Sœur Josèphe nous laissait applaudir et nous faisait rentrer pour terminer le repas. Elle ressortait alors, avec les clés du bâtiment des marins, et nous les suivions du regard à travers les grandes fenêtres sans vitres, couple improbable et pourtant si aimant, si aimé : sœur Josèphe et Nhân, la mère et le père que nous rêvions tous d'avoir.
Plus tard dans la soirée, les hommes buvaient un peu. Pas trop. La boisson défendue sortait des sacs et des bardas. Petites fioles d'absinthe maison, hydromel bon marché pour les plus riches, bière pour les autres ; il fallait bien ça pour supporter la chaleur, le fleuve, les moustiques et la solitude.

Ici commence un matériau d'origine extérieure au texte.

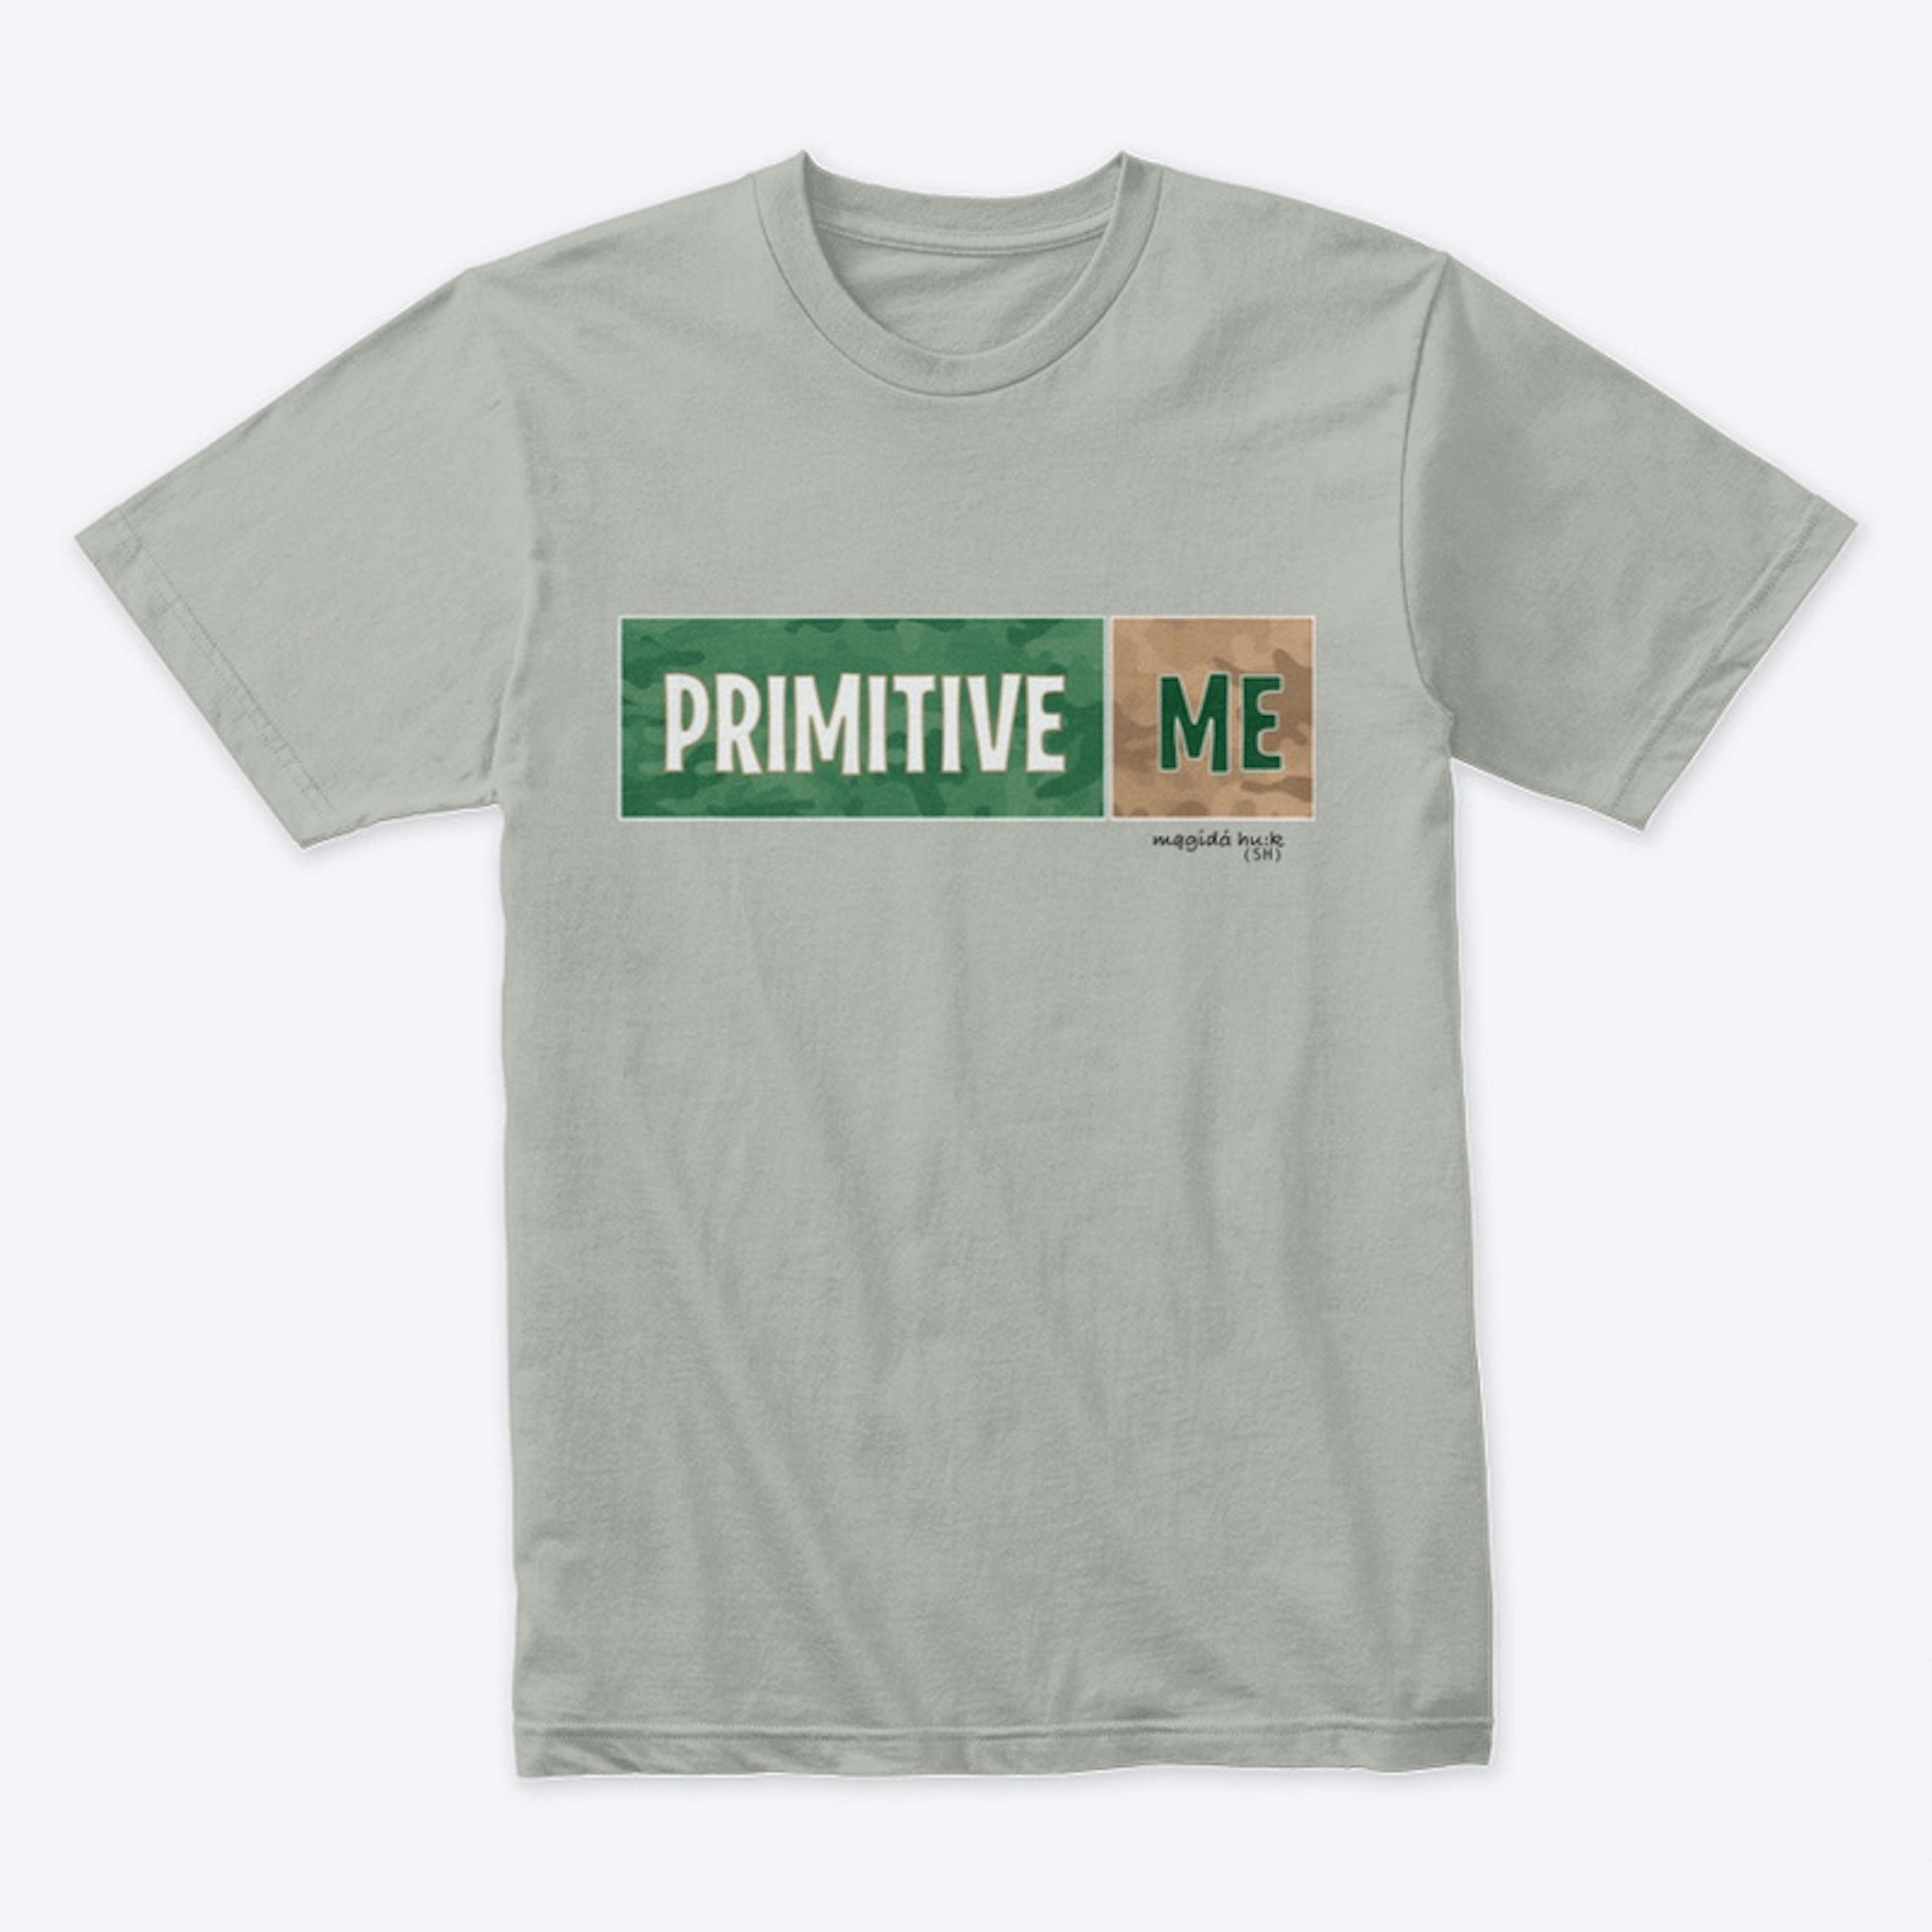 Primitive Me (Mountain Man)

Je me glissais quelquefois hors de mon lit pour aller les observer, sans me faire voir. Les plus vieux jouaient aux dominos, au mah-jong ou aux cartes, tandis que les plus jeunes racontaient des histoires.

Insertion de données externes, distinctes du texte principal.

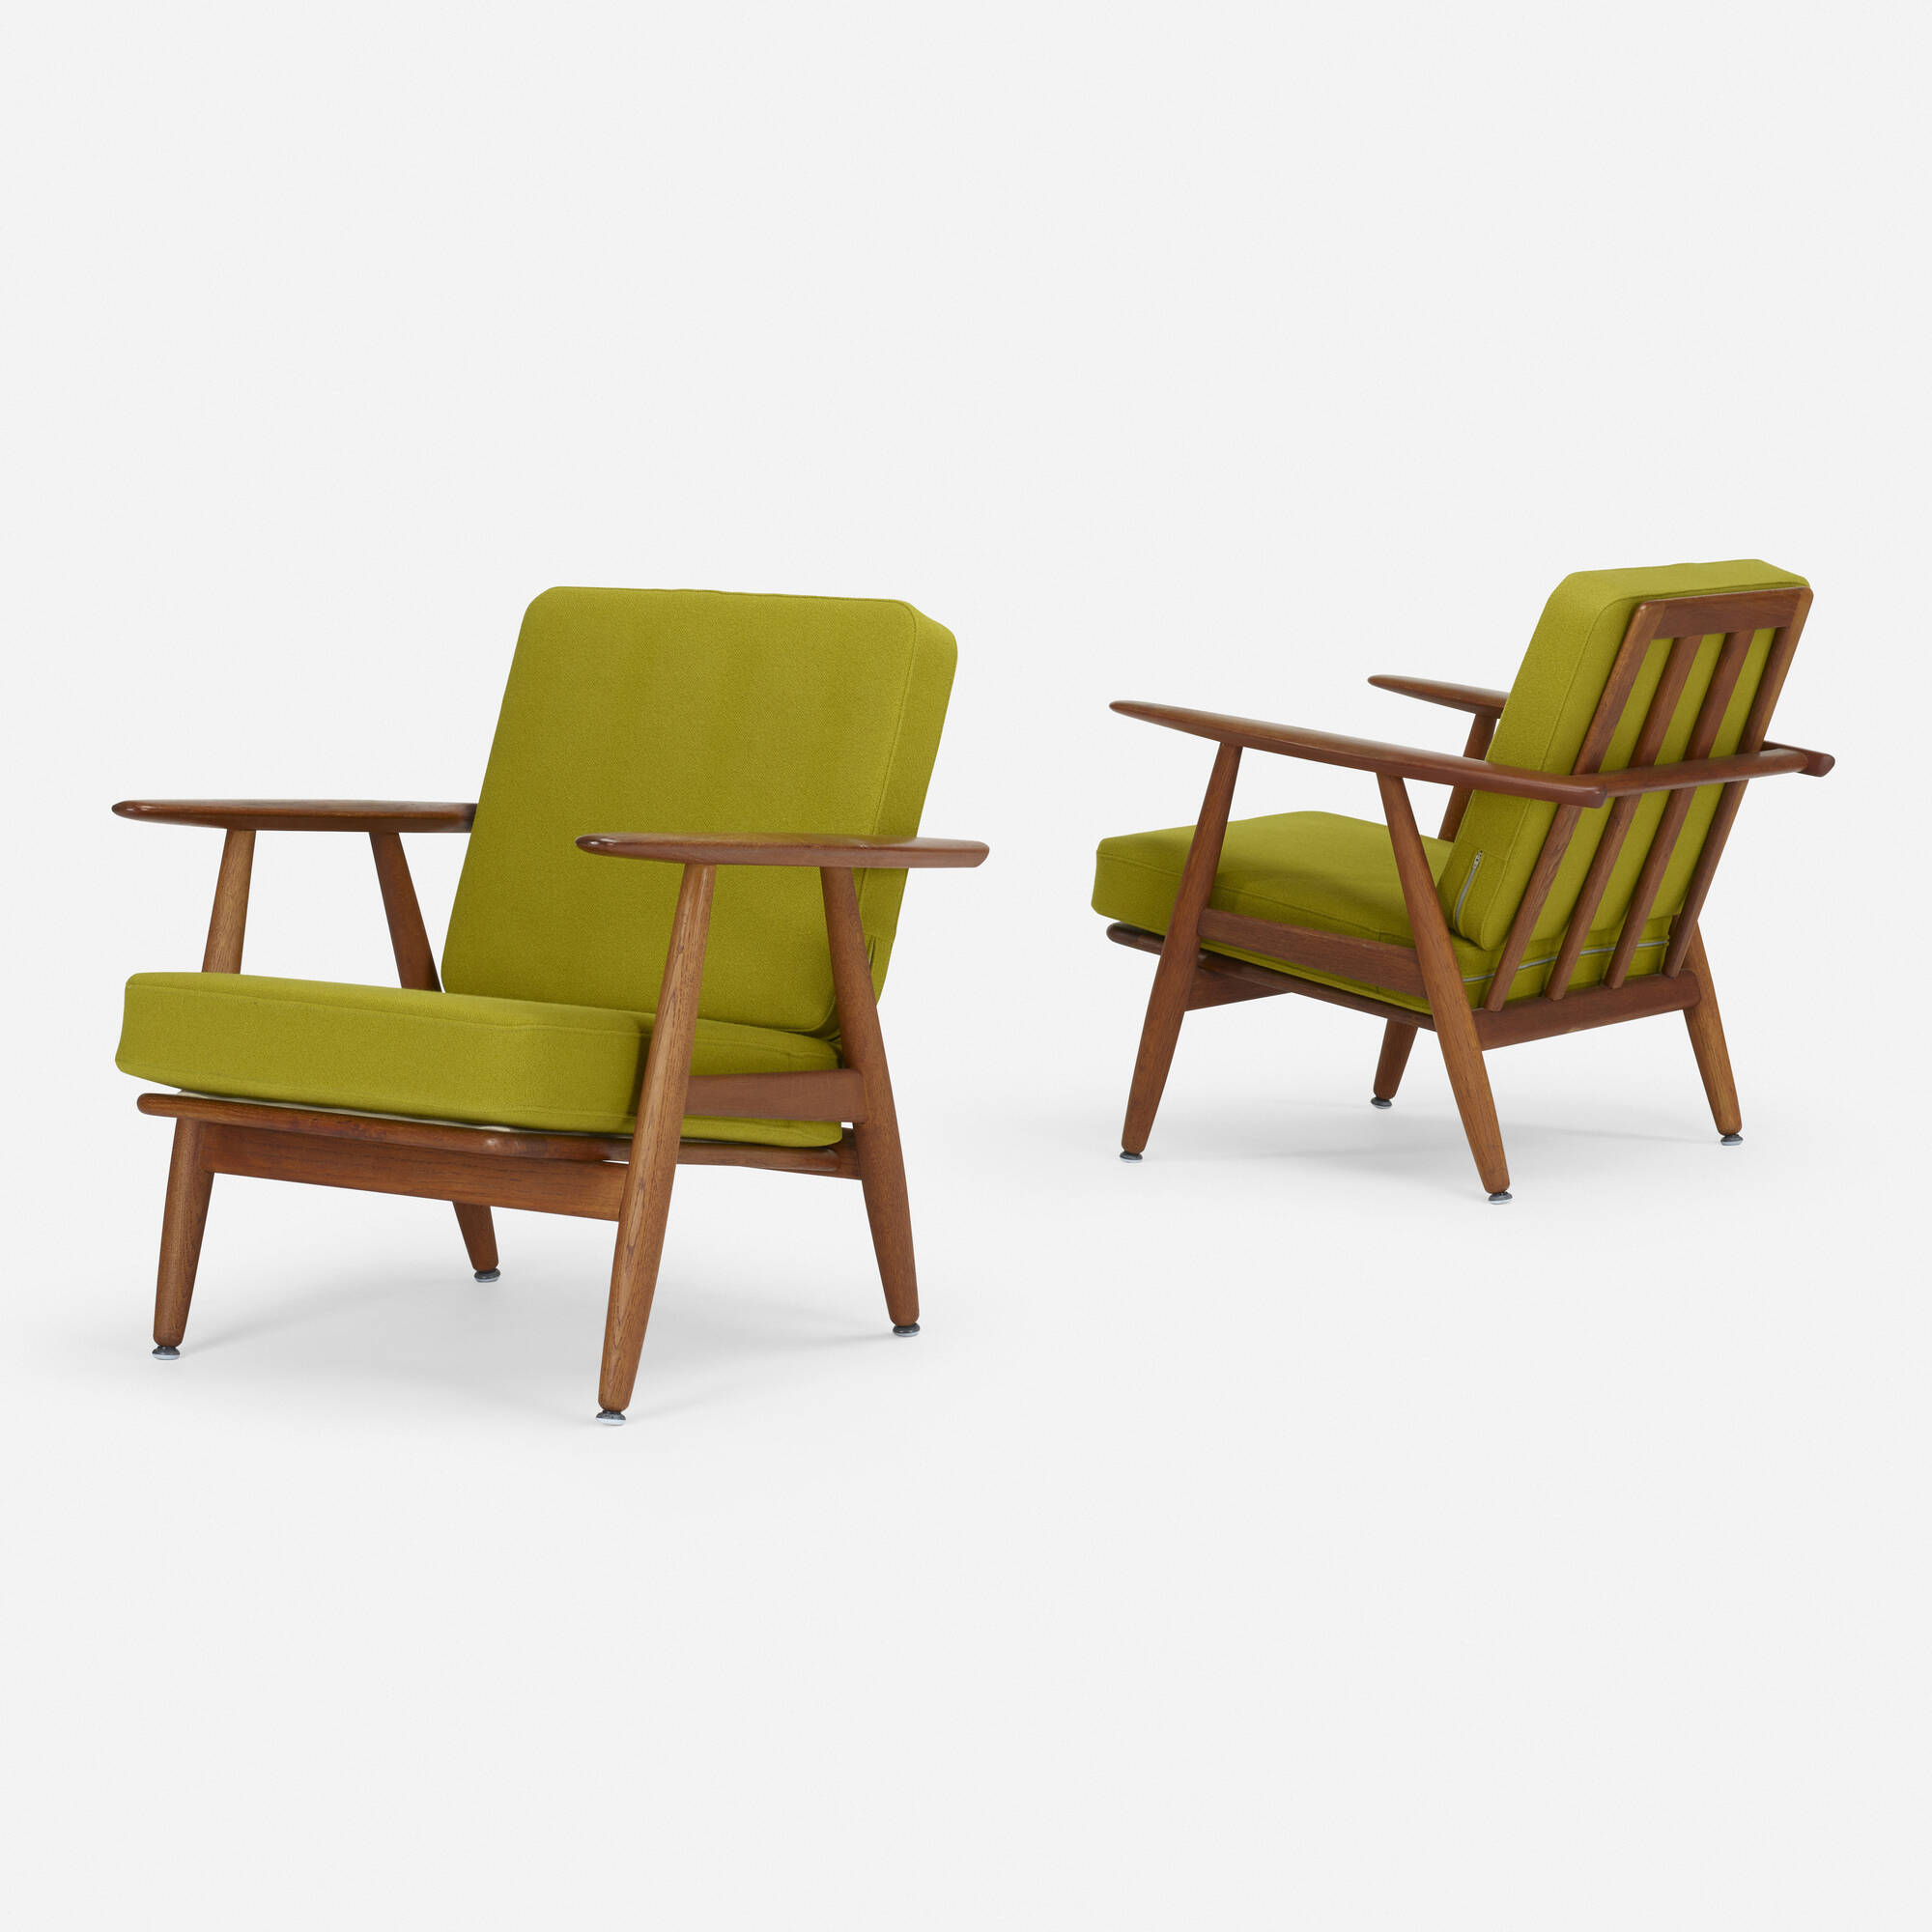 168: HANS J. WEGNER, Lounge chairs model GE240, pair < Design, 31

De retour dans mon lit, j'entendais leurs chants et leurs rires jusque tard dans la nuit. Je m'endormais en rêvant qu'un jour, moi aussi je partirais.

Un jeudi, Nhân n'est pas venu.
Je voyais bien que sœur Josèphe attendait aussi. Ce soir-là, elle nous a fait dîner plus vite que les autres soirs. L'heure a passé, puis une autre. Les enfants n'ont rien remarqué. Mercredi, jeudi, quelle différence... La plupart d'entre nous, trop jeunes, ne connaissaient pas encore tous les jours de la semaine. Moi, je savais.

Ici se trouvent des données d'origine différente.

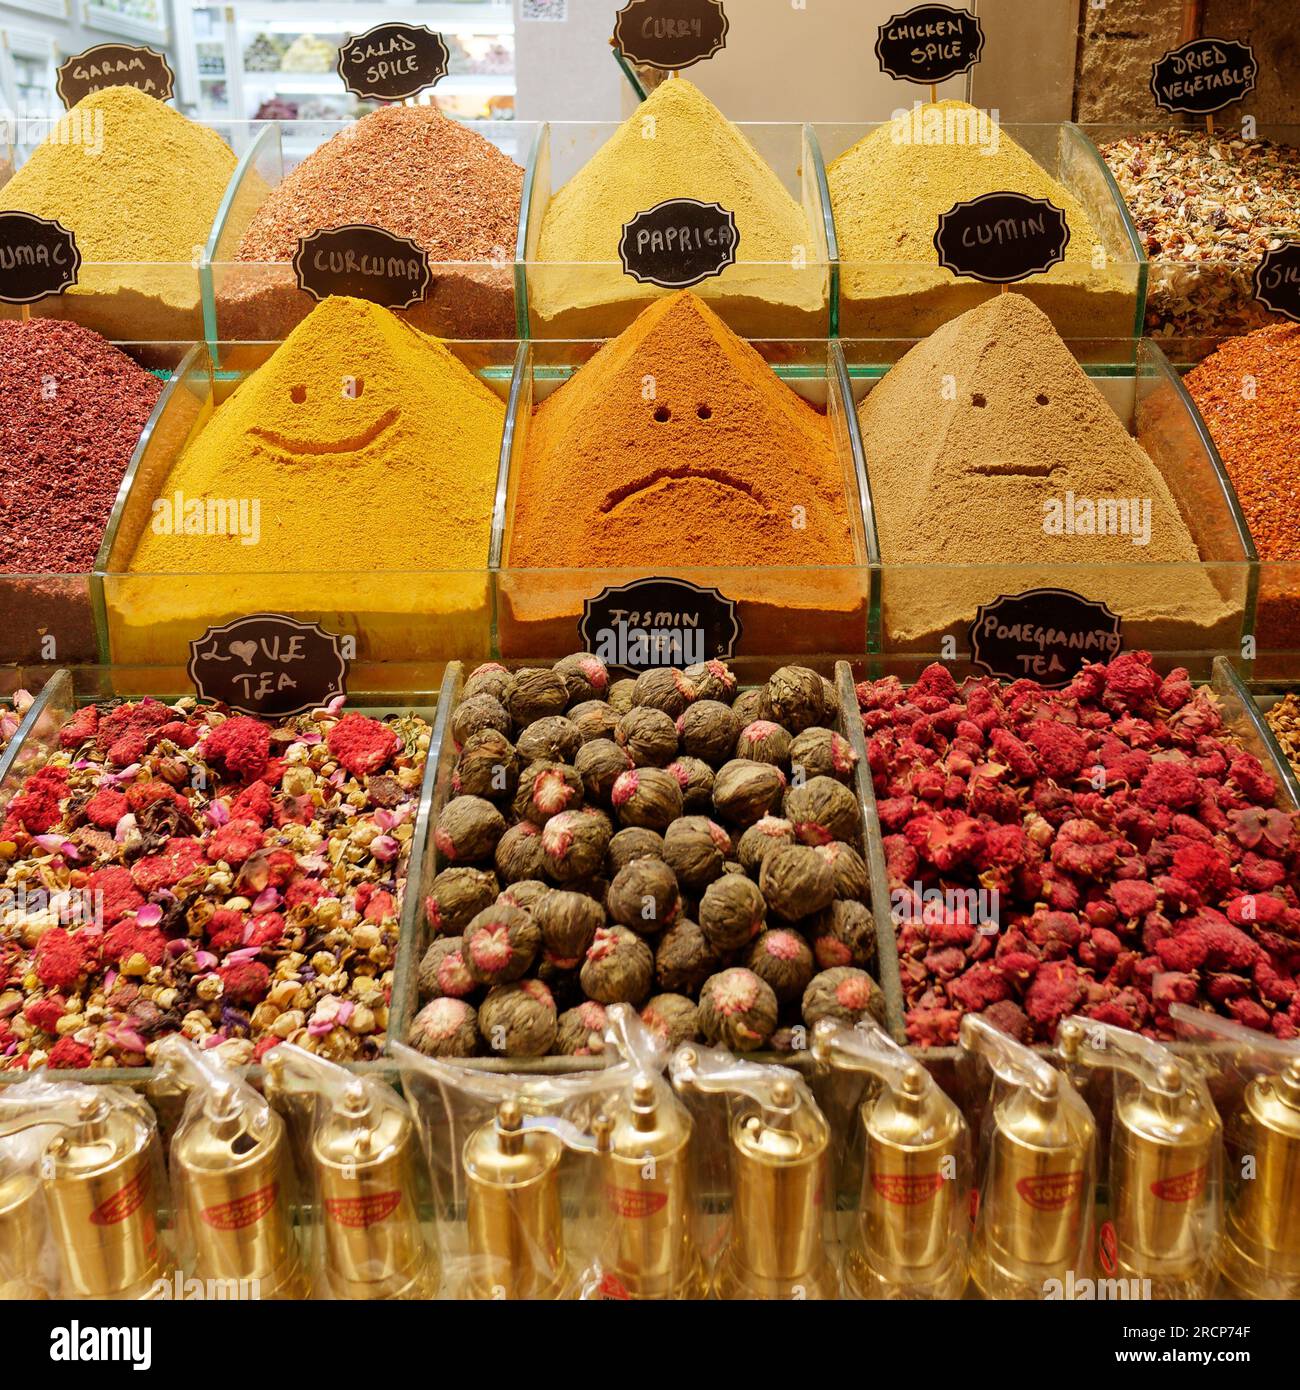 Novelty smiling and sad faces drawn in the spices in the Spice Bazaar (Mısır Çarşısı, meaning Egyptian Bazaar) in Istanbul, Turkey. Stock Photo

Un autre homme est venu chercher la clé.
Dans la soirée, je suis montée sur mon arbre pour attendre et attendre. J'entendais sœur Josèphe :
— Baô Tran ! Tu dois revenir ! Il est tard !
Sa voix était inquiète, mais je savais que sa crainte était pour Nhân.
Il s'est mis à pleuvoir. Je l'ai vue courir sous la pluie vers le bâtiment des hommes pour revenir quelques minutes après. Elle a hésité un moment et elle est montée vers moi, dans le sentier boueux qui salissait tout le bas de sa robe. De mon abri de fortune, fait de feuilles de palmes, sur ma branche, je la voyais venir, essayant mentalement de lui ordonner de repartir.
— Baô Tran ?
Elle m'a tendu la main et je l'ai aidée à monter. Elle s'est assise sur la branche et m'a entourée de ses bras maternels... J'ai risqué un regard vers le sien. Était-ce la pluie ?
— Il ne viendra plus ?
— Non.
La tempe appuyée sur sa poitrine, j'entendais son cœur qui battait à tout rompre.
Le fleuve coulait devant nous, impassible.